Parents sometimes worry when the numbers on the scale seem to plateau compared to those dramatic early months. But the shift from rapid to steady gain is a predictable part of development, not a sign that something is wrong.

Breastfed vs. Formula-Fed Babies

Feeding method affects weight gain patterns, especially after 3 months. Breastfed infants typically put on weight more slowly than formula-fed infants during the first year. Formula-fed babies tend to gain weight more quickly starting around 3 to 4 months, and this difference continues even after solid foods are introduced around 6 months.

This doesn’t mean breastfed babies are underfed. The WHO growth charts were developed using primarily breastfed infants as the reference population, so breastfed growth is considered the biological norm. If your pediatrician uses older CDC charts (designed for a mixed-feeding population), a healthy breastfed baby might appear to “drop off” their curve when they’re actually growing exactly as expected. It’s worth confirming which chart your provider uses.

Premature Babies and Adjusted Age

If your baby was born early, their weight at 6 calendar months won’t match the ranges above, and it isn’t supposed to. Doctors use “adjusted age” (also called corrected age) to account for prematurity. You calculate it by subtracting the number of weeks your baby was born early from their actual age. A baby born at 32 weeks, which is 8 weeks early, has an adjusted age of about 4 months when the calendar says 6 months. Their weight is then compared to growth charts for a 4-month-old, not a 6-month-old.

To illustrate: a girl born at 32 weeks weighing 1,420 grams (about 3 pounds) might weigh around 5.5 kg (12 pounds) at 7.5 calendar months, which corresponds to a corrected age of 5.5 months. Plotted against the WHO chart for her corrected age, she can be tracking normally even though she looks small compared to full-term peers. Most pediatricians continue using adjusted age for growth monitoring until a child is about 2 years old, when the gap typically closes.

When Weight Gain Is a Concern

Doctors watch for a pattern called failure to thrive, which means a baby isn’t gaining enough usable nutrition over time. The key indicator isn’t a single low number on the scale. It’s a downward trend, where a baby’s weight steadily falls away from the curve they’ve been following. A baby who has always been at the 15th percentile is different from a baby who was at the 50th percentile at 2 months and dropped to the 15th by 6 months.

This is why consistent well-baby checkups matter.

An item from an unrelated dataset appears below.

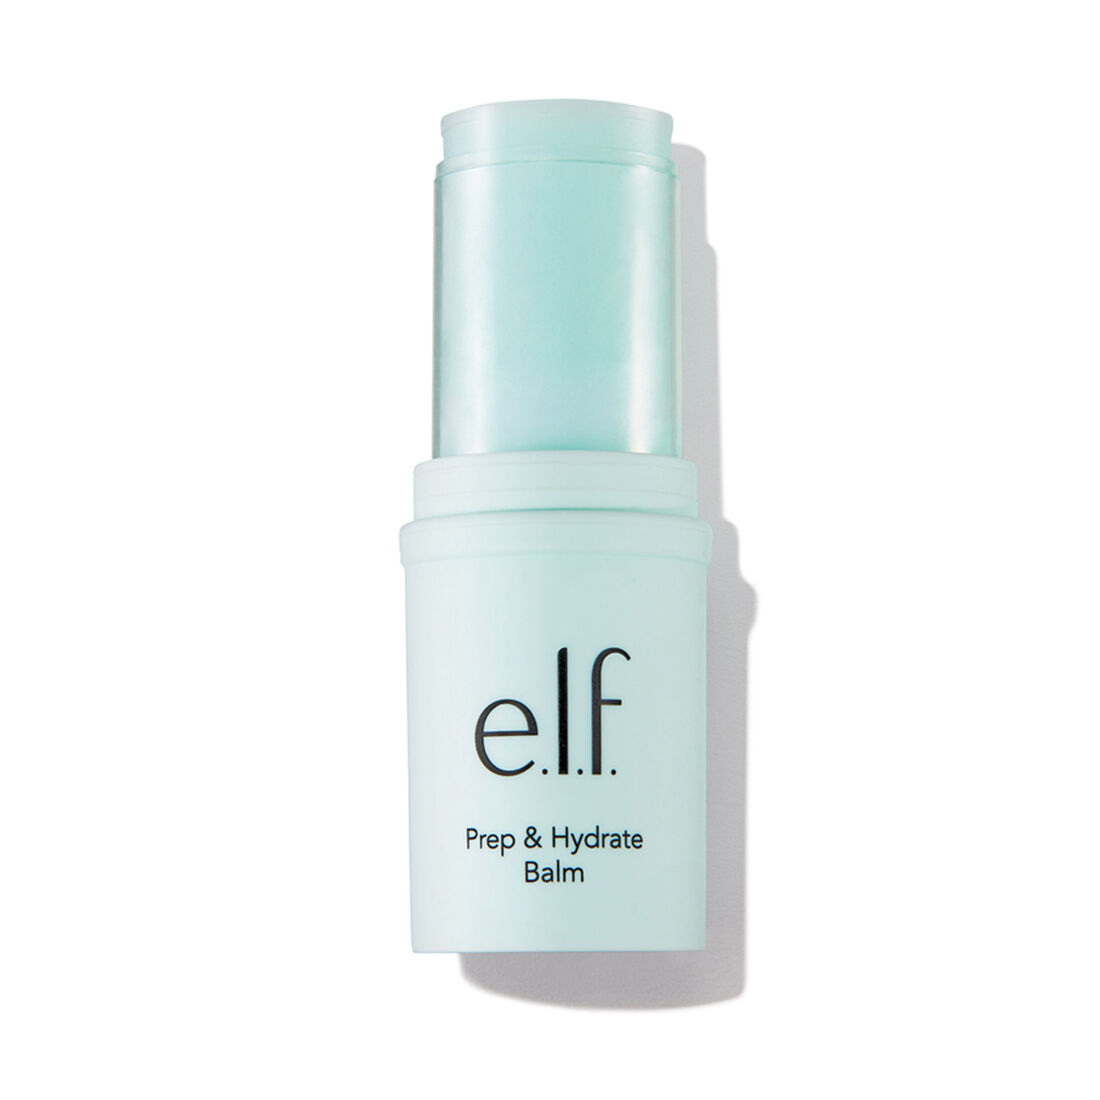 e.l.f. Cosmetics Prep and Hydrate Balm, best water-based primers

Diagnosing a growth problem requires valid weight measurements taken over several visits, not a one-time comparison. Signs that typically prompt further evaluation include crossing two or more major percentile lines downward, losing weight between visits, or not regaining birth weight by 2 weeks of age.

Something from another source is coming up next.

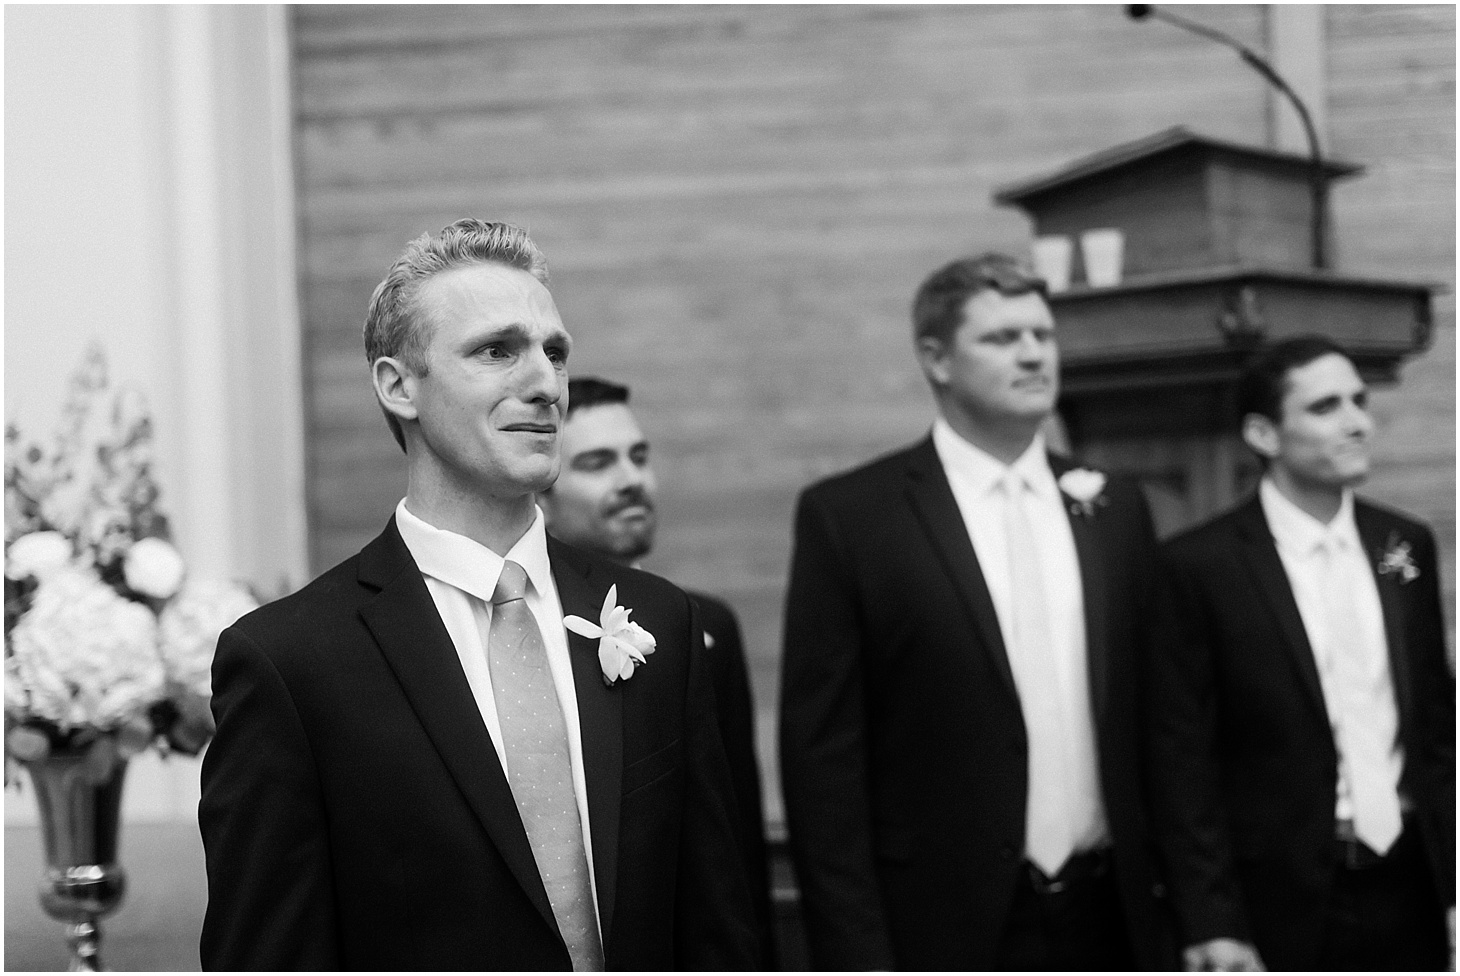 Ceremony at Capitol Hill Baptist Church, Navy and Blush Summer Wedding at the Army and Navy Club, Sarah Bradshaw Photography, DC Wedding Photographer

Practical Tips for Tracking Weight

Home scales aren’t reliable enough for tracking infant growth in small increments. The measurements at your pediatrician’s office, taken on a calibrated infant scale with the baby undressed, are the ones to trust. If you’re curious between appointments, that’s fine, but avoid comparing a clothed, post-meal home weigh-in to a stripped-down office measurement.

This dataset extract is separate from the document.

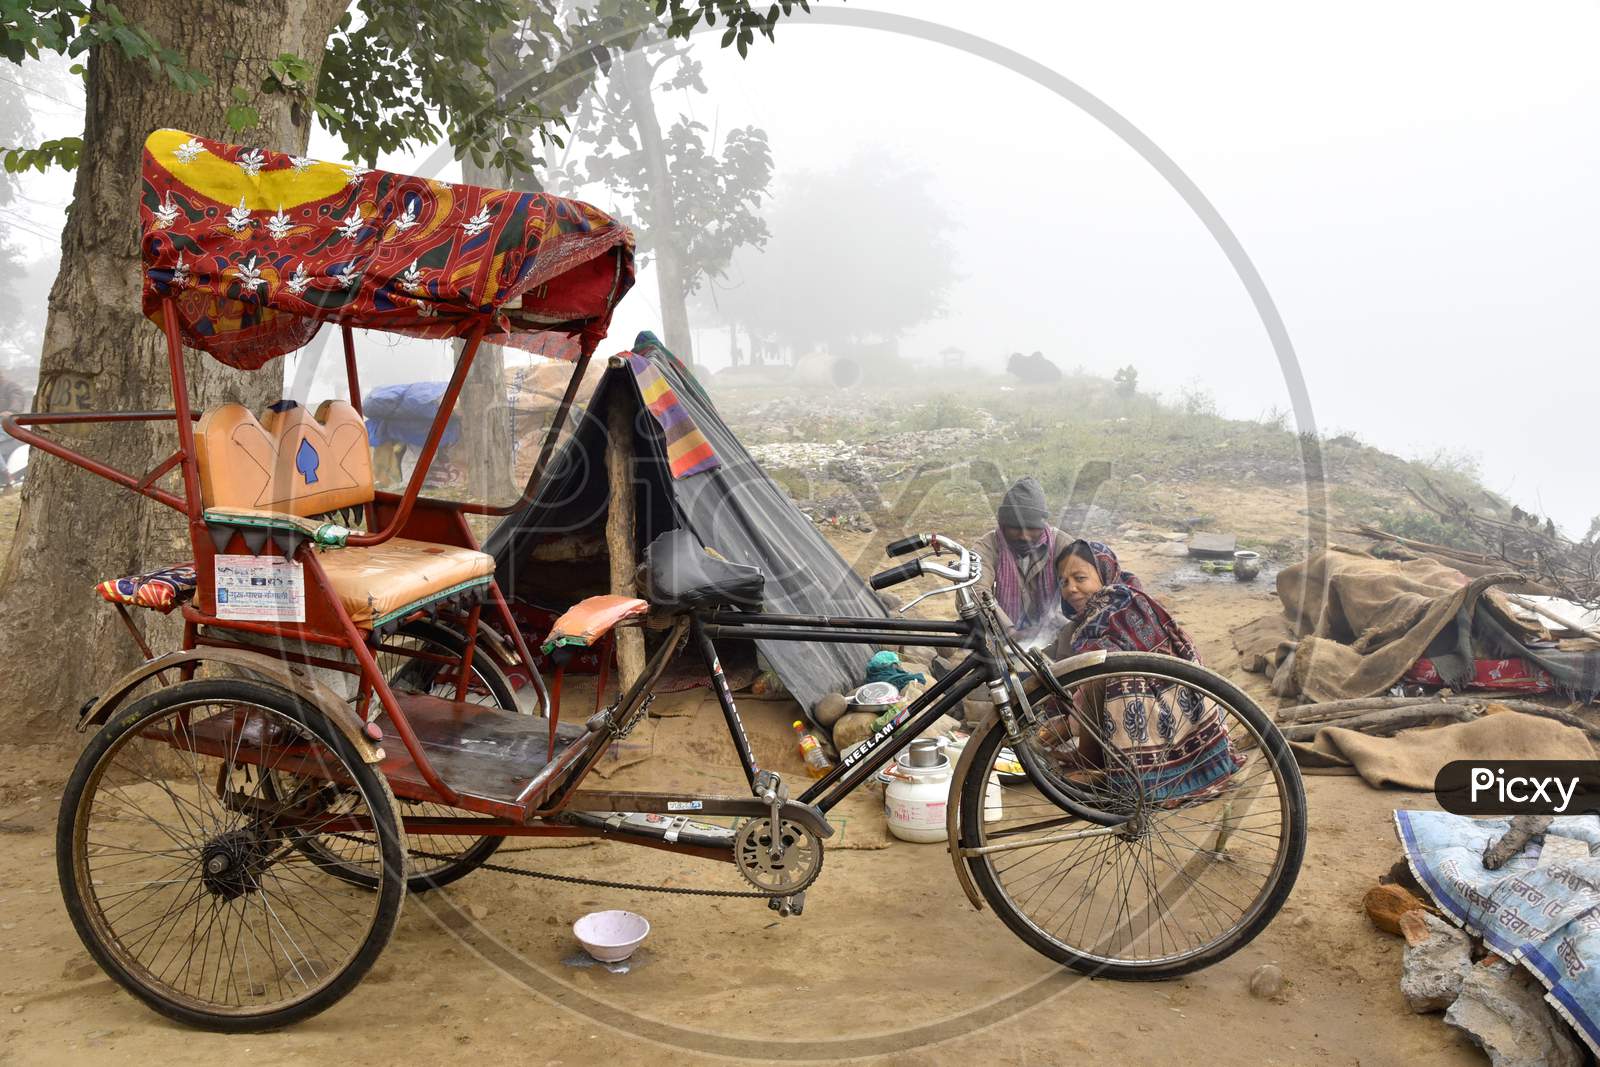 Indian Poor Families Living in Road side tents Or Huts

Keep in mind that day-to-day weight can fluctuate based on when your baby last ate, had a diaper change, or even how hydrated they are. A single weigh-in that seems high or low is rarely meaningful. The trend line across weeks and months tells the real story. If your baby is feeding well, meeting developmental milestones like sitting with support and reaching for objects, producing plenty of wet diapers, and seems alert and content, their weight is very likely right where it should be for them.